Call it a CRISPR-Cas9 gap.
A little more than two weeks ago Chinese investigators delivered genes edited with CRISPR-Cas9 tech into a lung cancer patient as part of a clinical trial, reports Nature. It was the first use of CRISPR-Cas9 in humans, beating out Carl June at the University of Pennsylvania by several months.

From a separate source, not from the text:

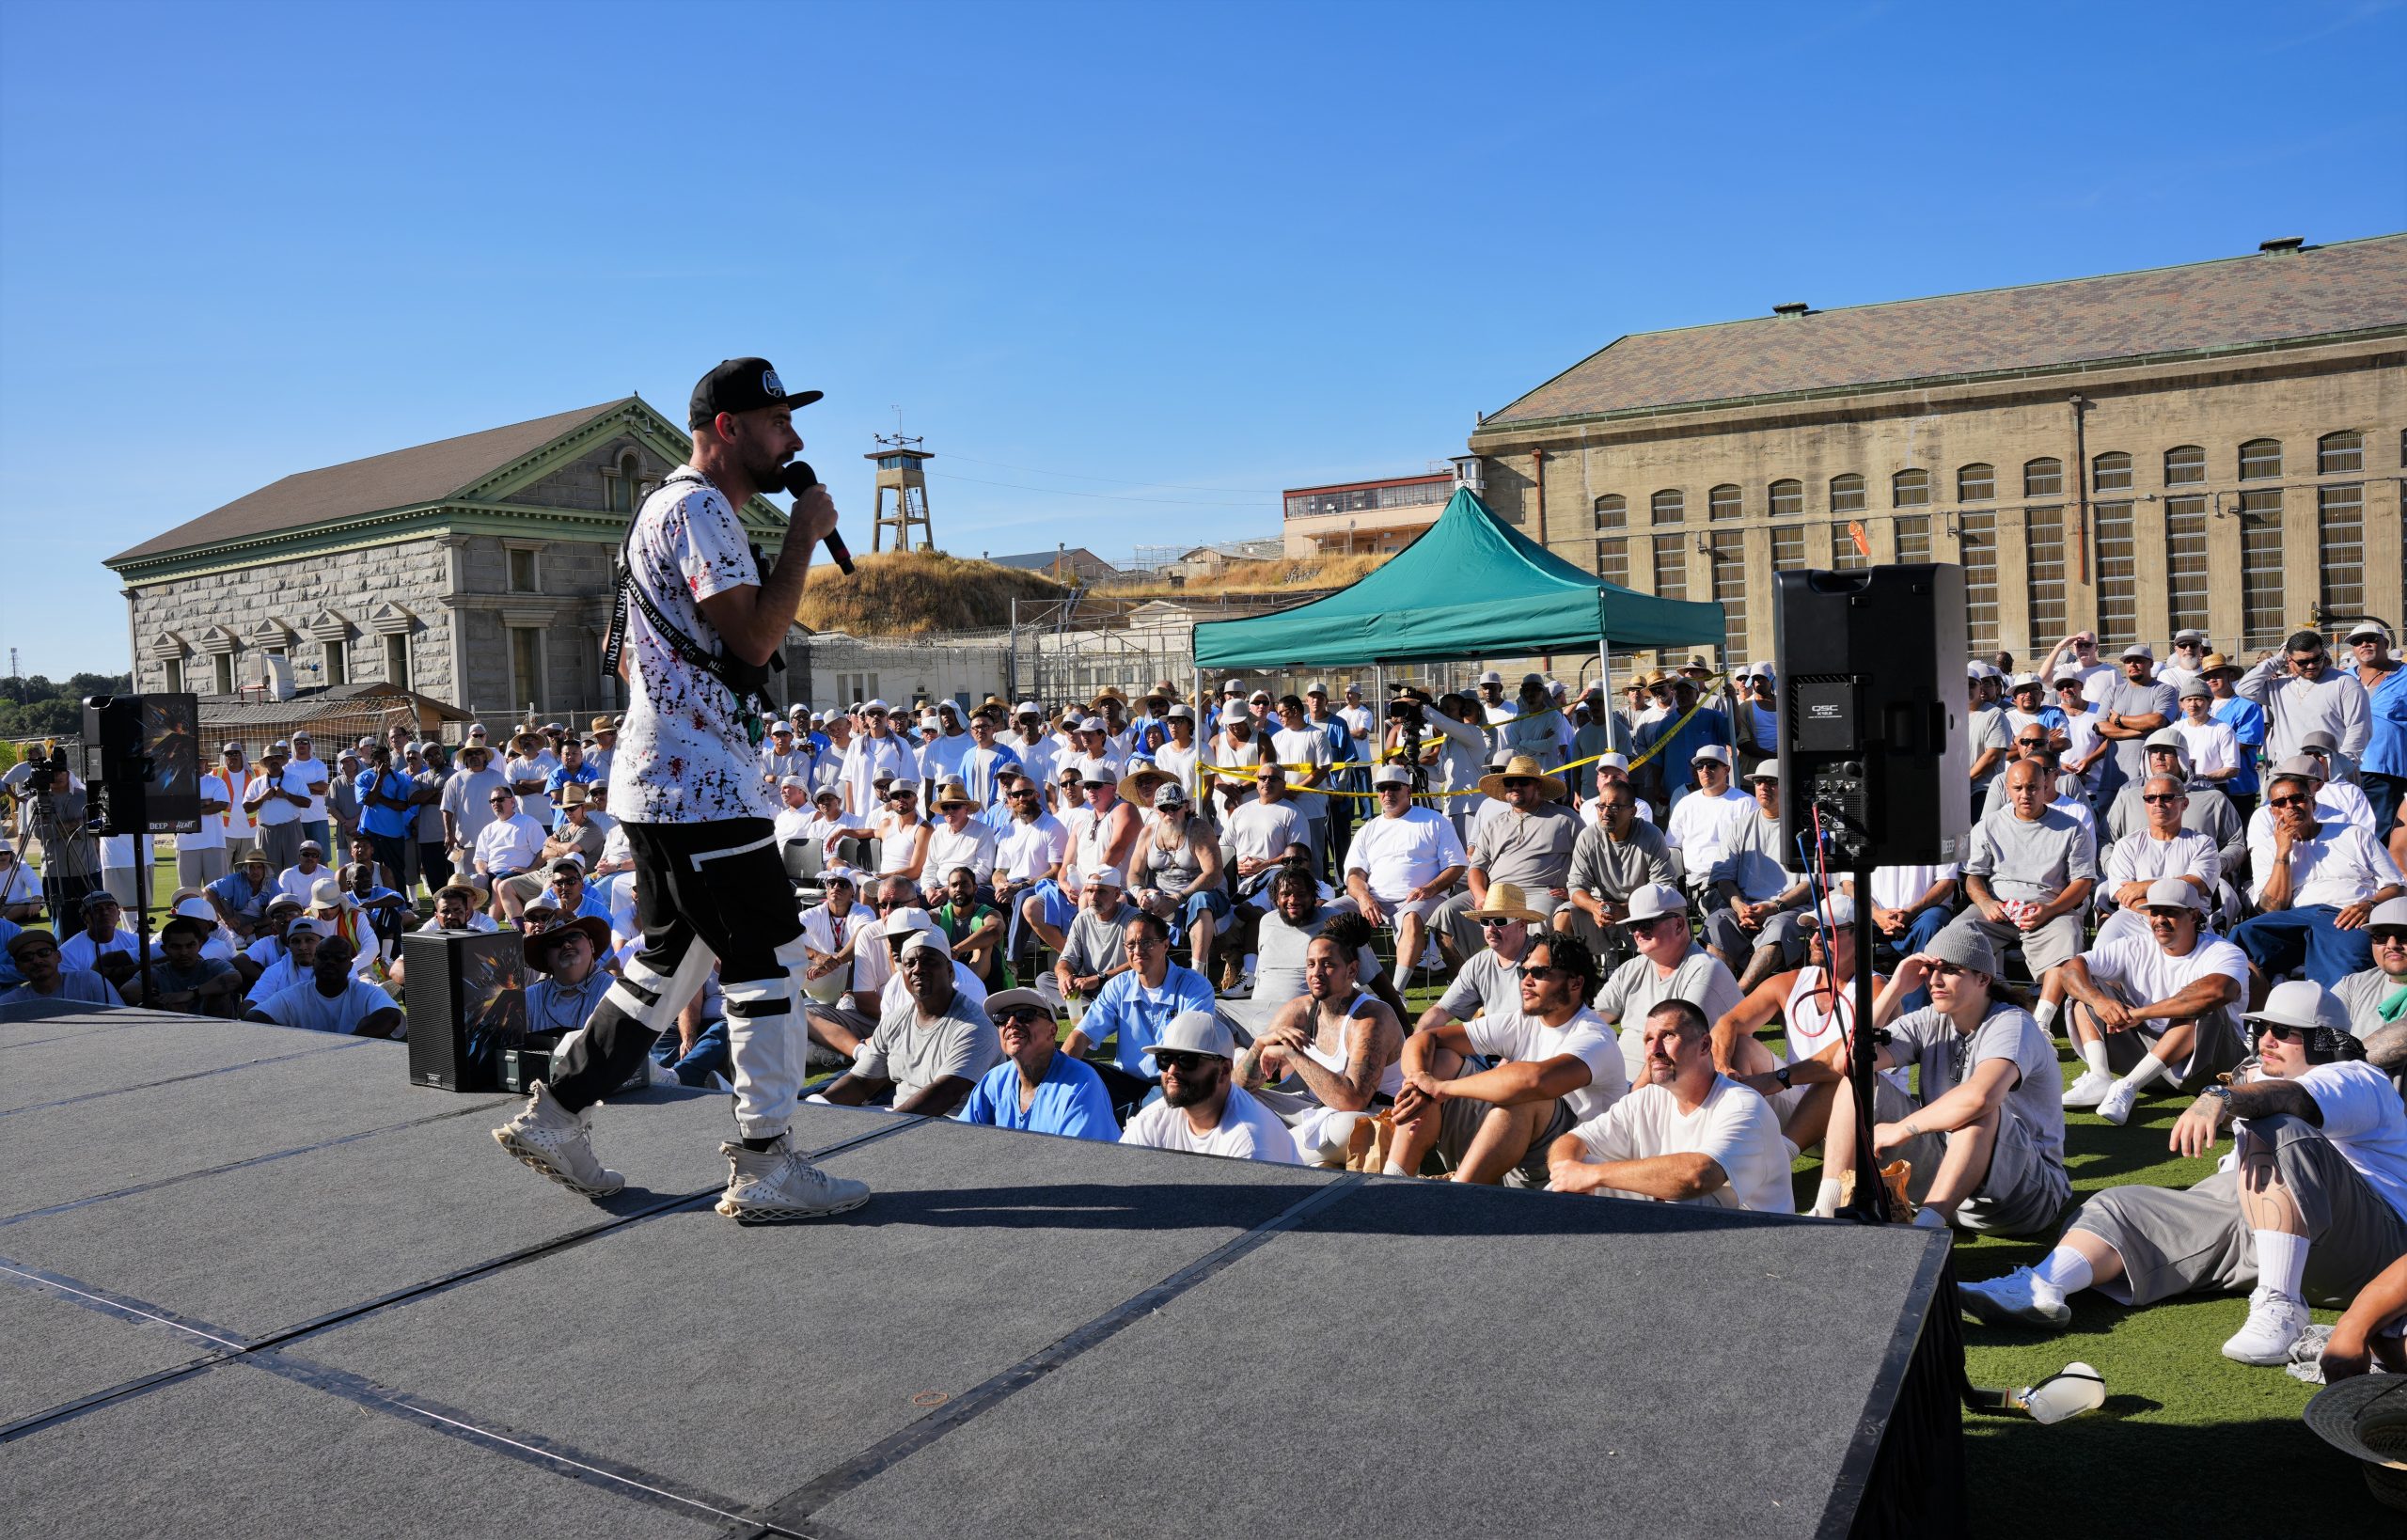 A man performs on a stage in front of an audience at Folsom State Prison (FSP) as part of Summer Palooza.

“I think this is going to trigger ‘Sputnik 2.0’, a biomedical duel on progress between China and the United States, which is important since competition usually improves the end product,” June tells Nature.
CRISPR-Cas9, developed by a small team of scientists led by Emmanuelle Charpentier and Jennifer Doudna, who have both launched their own gene-editing companies, is credited with providing a simple, effective and inexpensive tool for cutting and editing DNA. Dozens of academic groups have been honing their expertise in animal studies.
Lu You at Sichuan University in Chengdu used the technology to edit a patient’s cells, Nature adds, disabling PD-1 in an effort to unblock an immune assault on cancer cells. And some investigators say that, considering the effect of PD-1 and PD-L1 checkpoints on the market, the strategy has real promise.
The Chinese team plan to treat up to 10 patients. Now we’ll see how the Yanks — and Europeans — react to the challenge.
The best place to read Endpoints News? In your inbox.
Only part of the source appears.